IPRs offer biosimilar and generic drug manufactures the benefit of challenging innovator patents with relative speed; if an IPR is instituted after showing that there is a reasonable likelihood that the petitioner challenging an innovator’s patent will prevail in at least 1 claim, the PTAB must make a final determination within 1 year (with a possible extension of 6 months for good cause). Patent litigation for small-molecule drugs under the Drug Price Competition and Patent Term Restoration Act of 1984 (commonly known as the Hatch-Waxman Act) can, by contrast, take multiple years, and BPCIA litigation, as Sandoz v Amgen demonstrated, can also be lengthy and expensive. IPRs have an additional benefit for petitioners insofar as they require a lower burden of proof than does federal court litigation.

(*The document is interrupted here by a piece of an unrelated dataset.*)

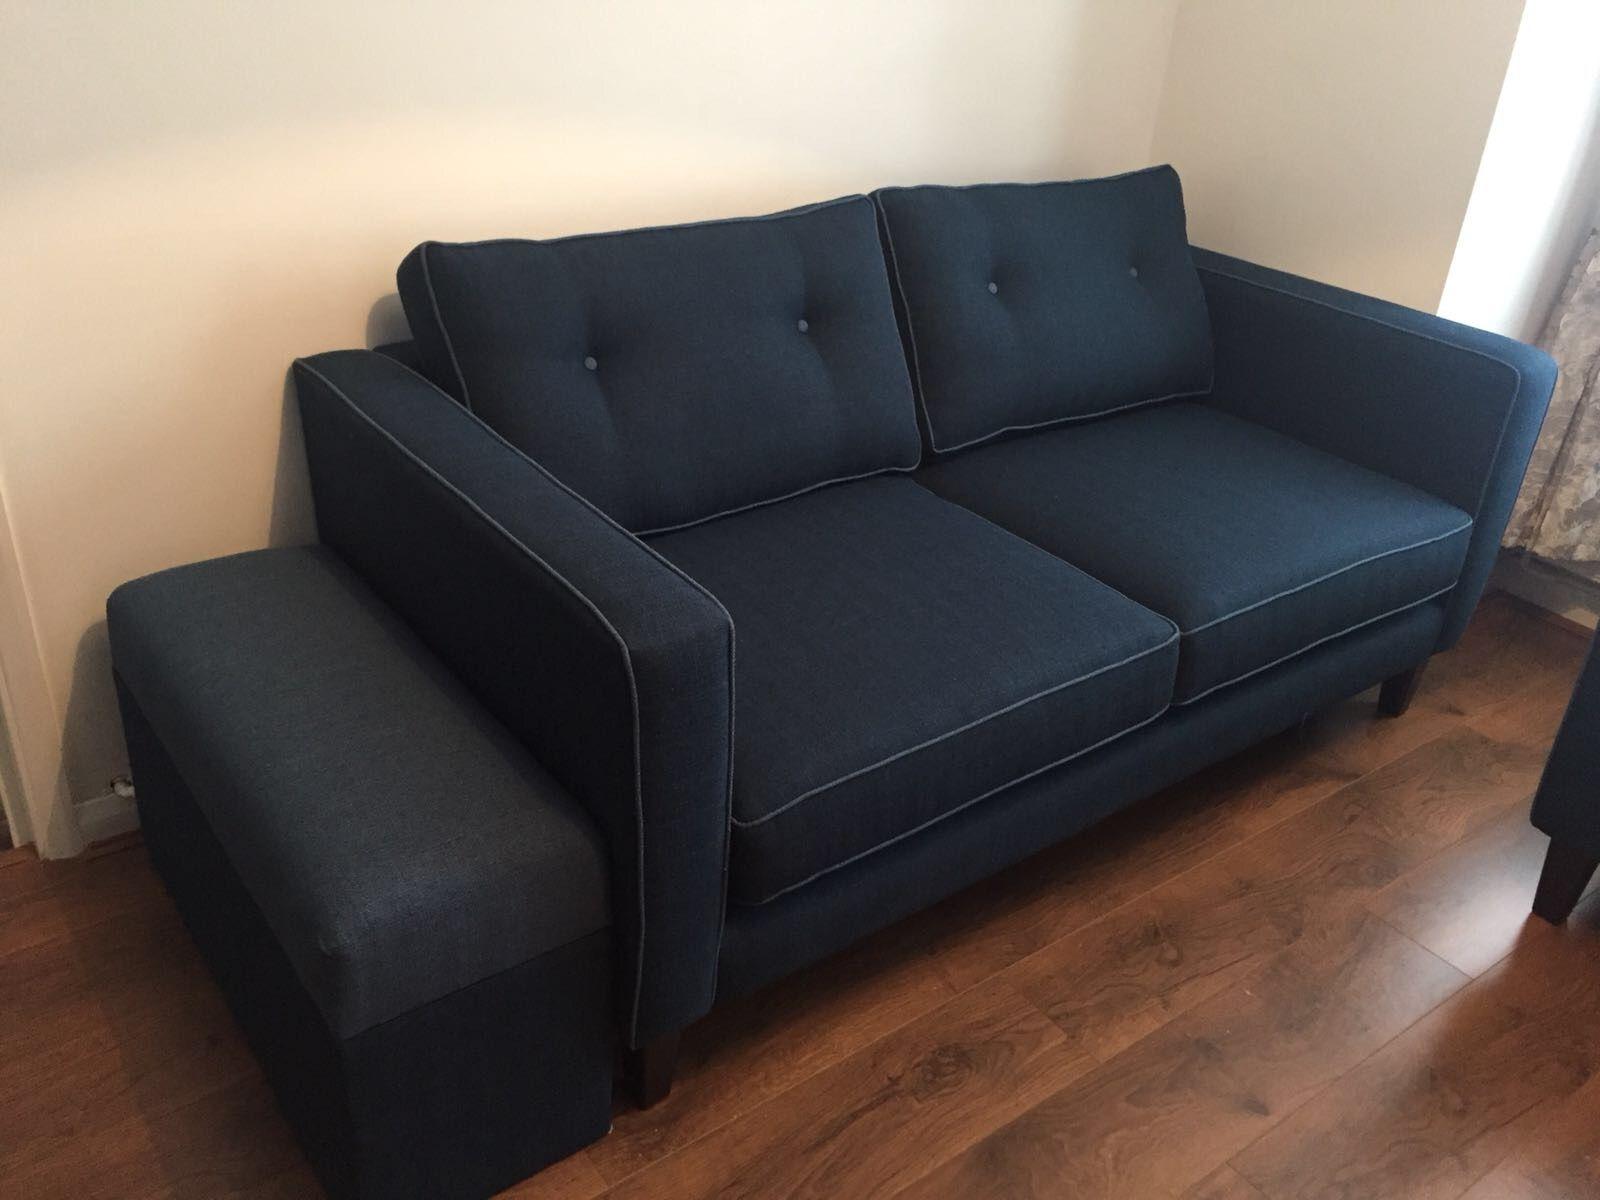 Bon Retro Sofa Made To Measure   175 Cm X 91 Cm. 2 Base Cushions In

However, the biopharmaceutical industry has been slow to embrace IPRs; the primary players engaging in IPR litigation thus far have been software and electronics industries. According to John J. Molenda, partner at Steptoe & Johnson LLP, of more than 2000 IPR petitions as of September of 2015, only 30 were for biologic drugs, though IPR petitions concerning biologics have ramped up in early 2017.

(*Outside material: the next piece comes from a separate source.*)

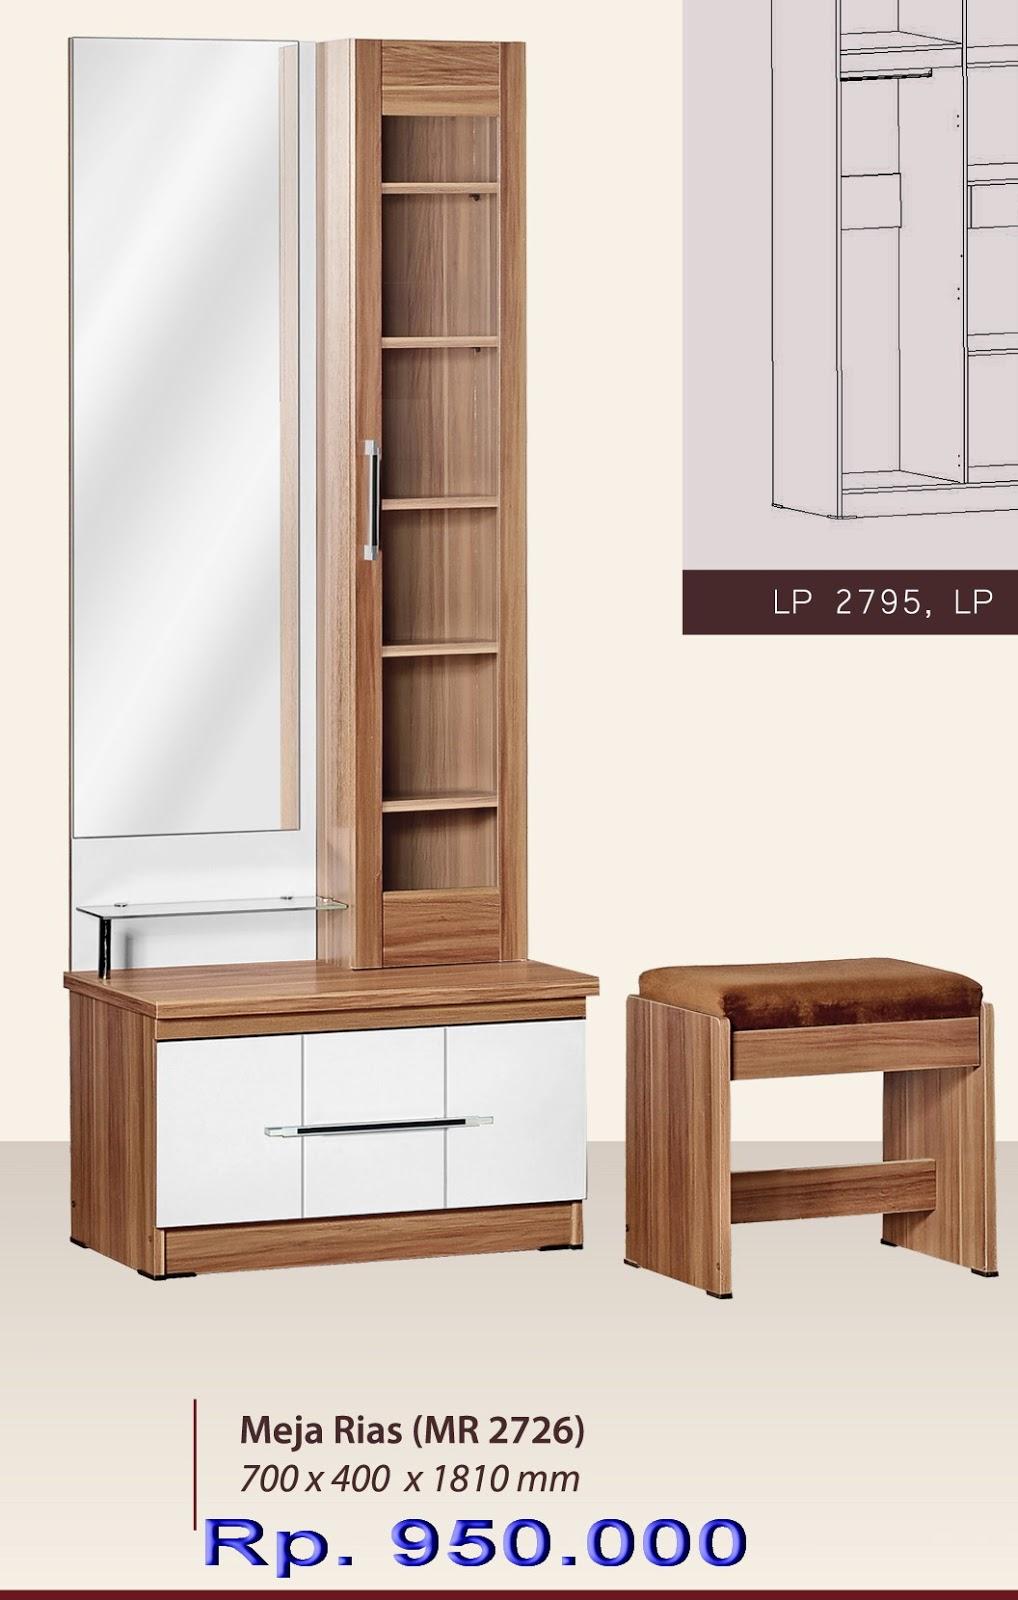 Furniture Rumah Online Meja Rias Minimalis Bougenville

According to Molenda, the types of patents commonly challenged for biologics include manufacturing, method of treatment, composition of matter, and formulation, yet method-of-treatment challenges accounted for nearly half of such petitions. Challenges to formulation patents represented another quarter of petitions, though these petitions were instituted less than 15% of the time.

Among pharmaceutical IPR petitions, Molenda said, 33% were instituted by PTAB, 33% are pending, 18% were denied, and 16% were either terminated or settled. He cited 13 cases that had progressed to a final decision, among them cases related to glatiramer (Copaxone), a drug used in treating patients with multiple sclerosis, and alglucosidase alfa (Lumizyme), a so-called “orphan drug” used to treat Pompe disease.

It remains to be seen whether the Supreme Court’s decision that the BPCIA patent dance is optional will push more biosimilar manufacturers to opt to litigate under the BPCIA in the future rather than to pursue new inroads into this more recently developed arena. However, IPRs continue to provide an option for biosimilar manufactures who seek a faster alternative to BPCIA litigation, especially as the federal circuit courts work to address remaining questions of the patent dance that went unresolved in the Sandoz v Amgen ruling.